Local-Frame Covariance and the Relational Origin of Quantum Causal Order
Issam Ibnouhsein
TL;DR
The paper shows that the process-matrix framework retains a hidden global reference frame via the Choi–JamioÅ‚kowski construction, undermining true background independence. By enforcing local-frame independence as a $G_{loc}=U(d)\times U(d)$ gauge symmetry and applying a local twirl to obtain $\mathcal{W}_{cov}$, it proves that $\mathcal{W}_{cov}\subsetneq \mathcal{S}_{sep}$, i.e., covariant processes cannot realize nonclassical causal orders without frame correlations. The OCB witness is used to illustrate an operational benchmark $B_G=1/\sqrt{2}$, where noncovariance certifies a symmetry-breaking component, though noncovariance does not guarantee causal-nonseparability. The work reframes indefinite causal order as a relational phenomenon requiring a shared quantum reference frame, linking symmetry, resource theories, and potential physical mechanisms such as time-delocalized subsystems or quantum-gravitational clocks.
Abstract
The process-matrix framework models quantum correlations without assuming a predefined global causal order, yet its standard Choi-Jamiolkowski construction implicitly presupposes a globally aligned Hilbert-space basis across all local laboratories.

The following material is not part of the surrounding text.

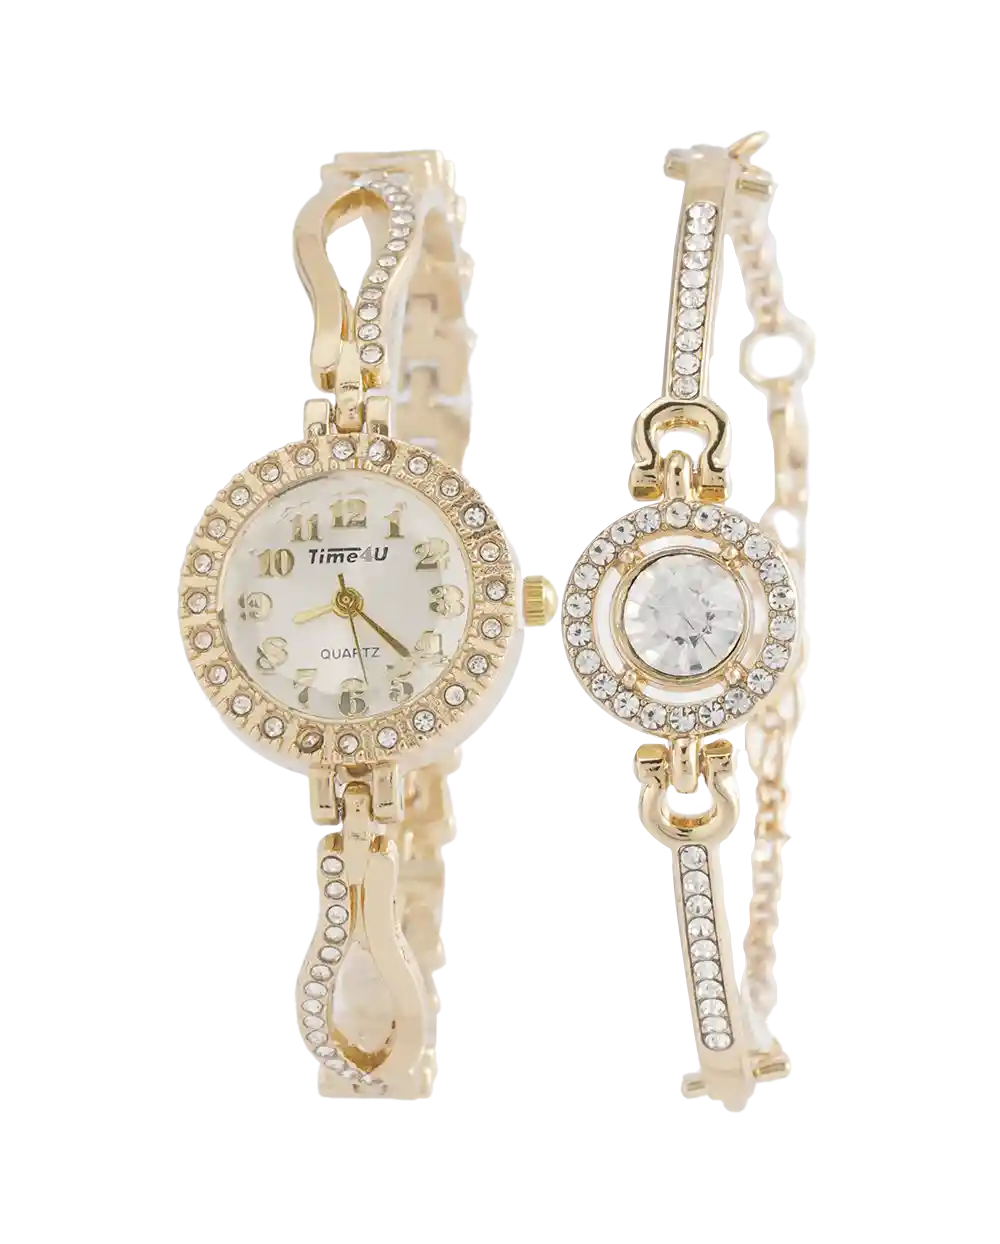 خرید ست ساعت مچی و دستبند زنانه TIME4U مدل 1965 بند استیل و نگین کاری شده با دستبند دخترانه و رنک ثابت بهترین قیمت به همراه ارسال رایگان

This makes the formalism causally indefinite yet kinematically absolute. To achieve full relational consistency, we impose the principle of local frame independence: physical predictions must remain invariant under independent unitary redefinitions of each laboratory's local basis. We formalize this requirement as a local gauge symmetry and derive the corresponding covariant representation of any process by averaging over the symmetry group. The image of this twirling operation forms a strict subset of the cone of causally separable processes. Covariance thus enforces a superselection rule for causal order, showing that indefinite causal order is not an intrinsic feature of nature but a relational coherence that exists only relative to a physical system establishing a shared quantum reference frame.